Phones rang loudly throughout Los Angeles just before 4 p.m. on Thursday, warning people to evacuate.
The city’s Office of Emergency Management said the alert was sent “in error.” “The evacuation order remains unchanged,” the ministry said in a post to X.
Times staffers received alerts throughout the metropolitan area, from Long Beach to Echo Park and beyond, but the alerts did not appear to be based on distance from a particular fire.
“This is an emergency message from the Los Angeles County Fire Department,” the notice said. “An evacuation warning has been issued for your area.”
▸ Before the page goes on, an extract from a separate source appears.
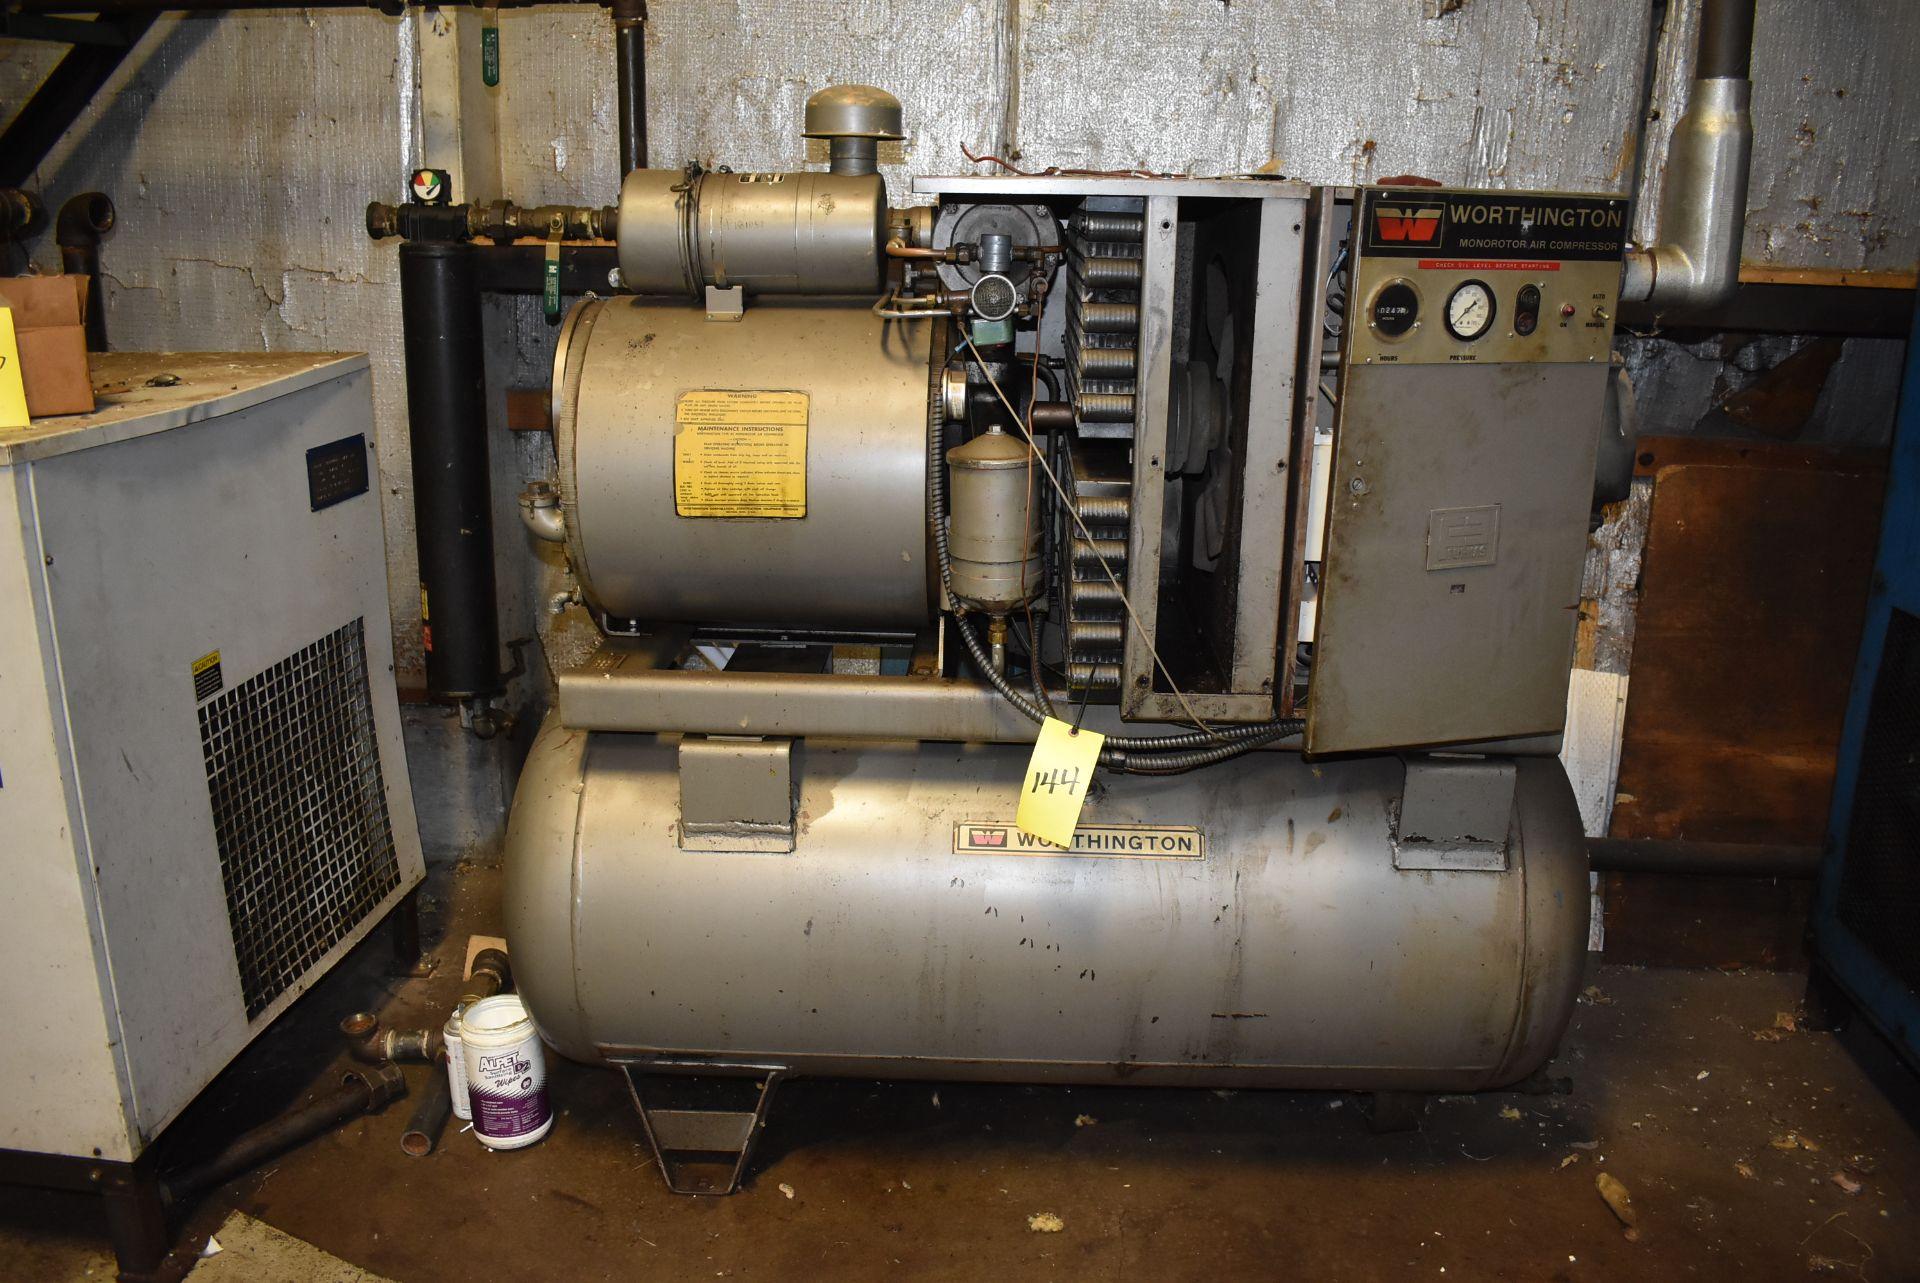 Worthington 30 HP Monoroto Air Compressor

In the media room of the Los Angeles City Emergency Operations Center in downtown Los Angeles, the phones of elected officials, staffers and several reporters squealed all at once.
With her back to the huge glass wall separating the media area from the operations center floor, newly sworn-in Congresswoman Luz Rivas was in deep conversation with fellow new Congressman George Whiteside when she received an alert. shouted. to her 818 number.
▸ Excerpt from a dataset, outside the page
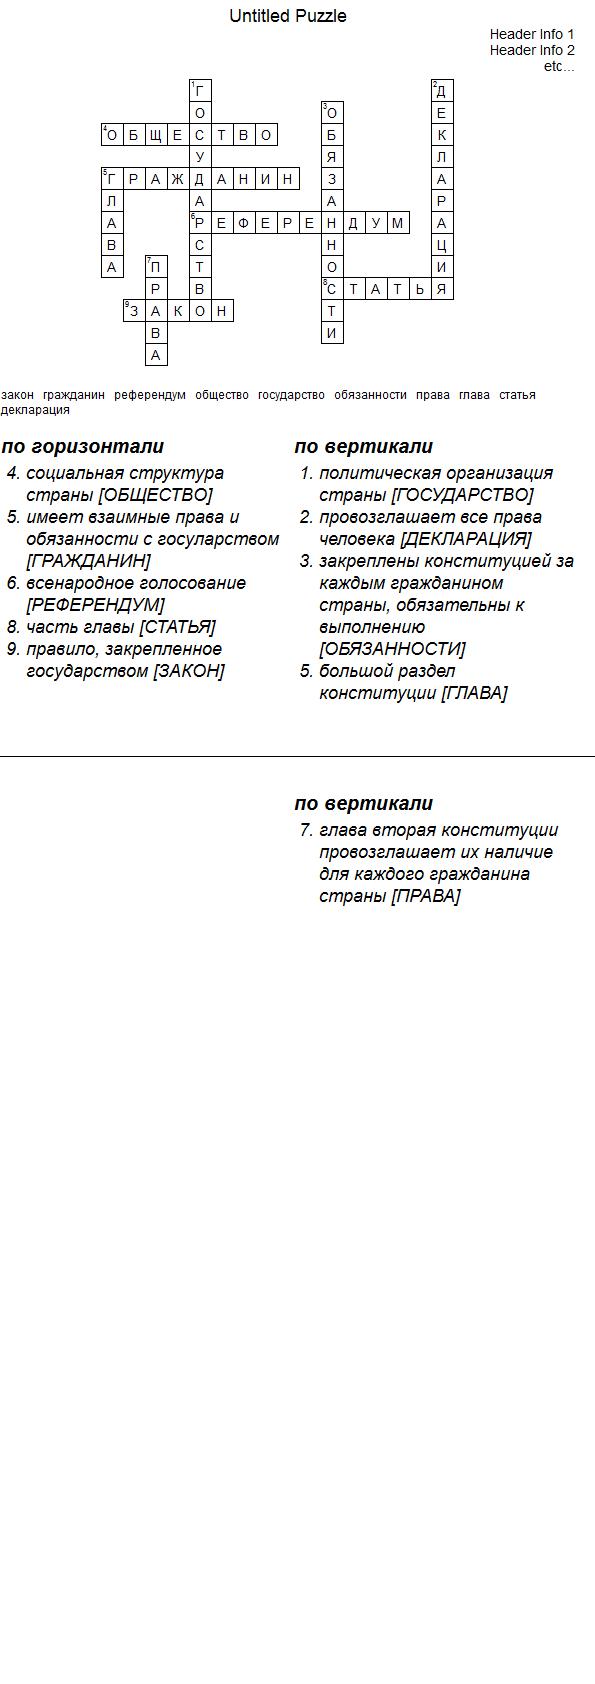 J:\Конституция\Кроссворд\Untitled Puzzle-key (Grid).bmp

Staffers had speculated that the alert was related to a fire brewing in West Hills until a reporter with the 310 area code said he also received the alert.
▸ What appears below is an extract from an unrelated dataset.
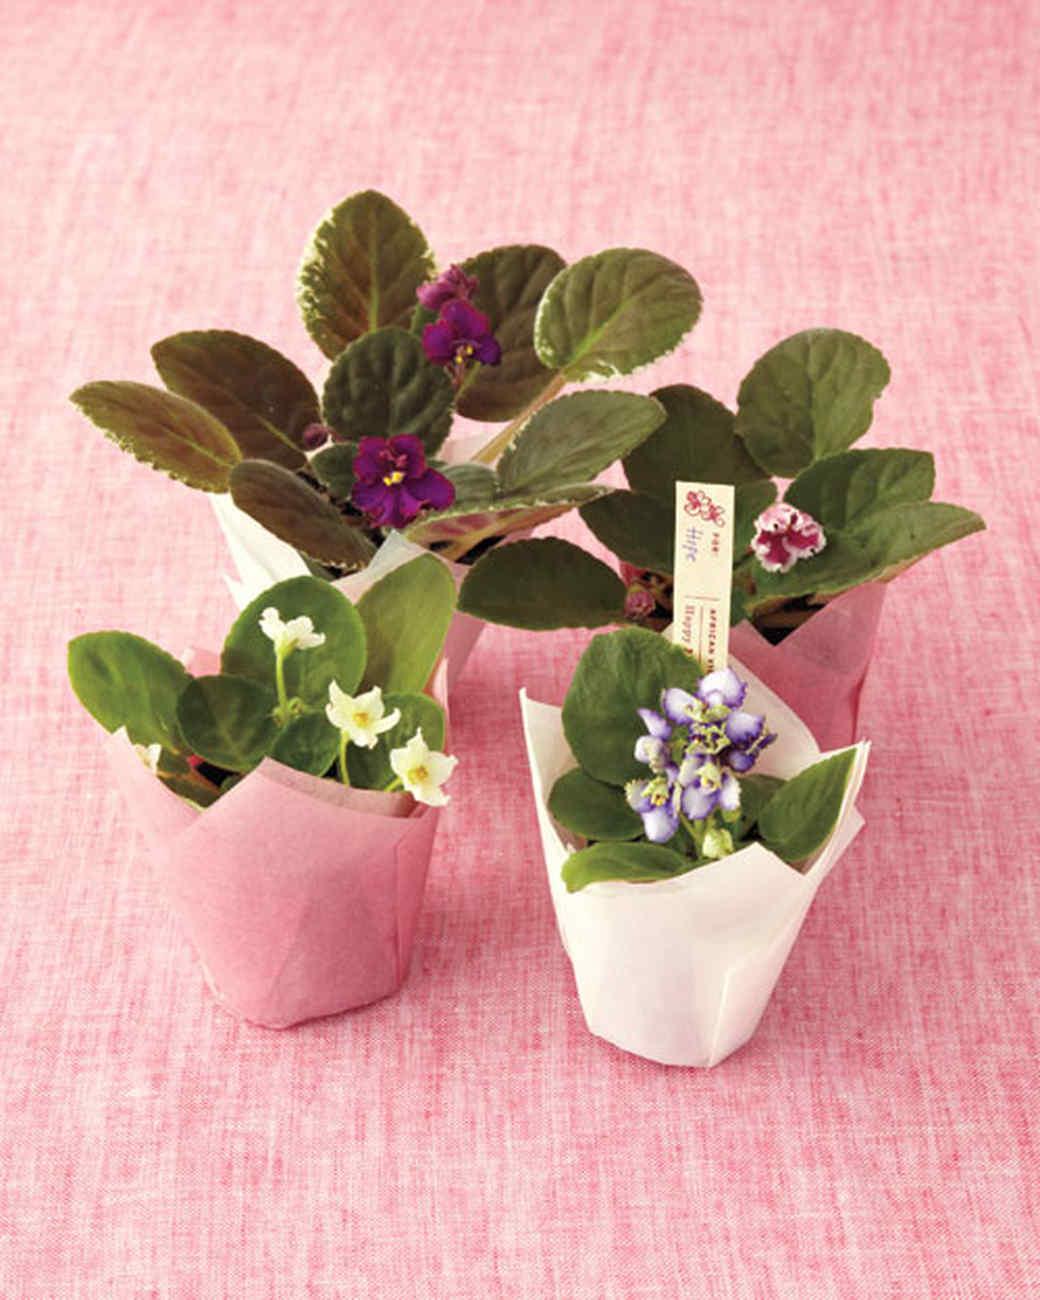 violet-gems-0511mld107066.jpg

At the Village Chipotle in Atwater, customers and employees alike sighed and picked up the phone.
“Are you closed?” asked one of the employees who was slicing chicken in the back of the kitchen.
“This is a warning, not an order,” another employee responded as he read the warning. “If it’s an order, you have to close it immediately.”
Then she turned to her customer. “It’s black beans, right?”
The alert linked to alertla.org, a site that crashed shortly after the alert went out.
The City of Santa Monica responded with an X, stating that the notice did not apply there.
All residents of Los Angeles County received a radio emergency alert regarding evacuation of the county. There is no latest evacuation information for Santa Monica. Evacuations in Santa Monica remain unchanged. For more information, please visit https://t.co/BTF6UsEbYG.
— City of Santa Monica (@santamonicacity) January 10, 2025
A second alert was issued at about 4:20 p.m., and the evacuation alert was sent in error and was supposed to apply only to the Kenneth Fire, officials said.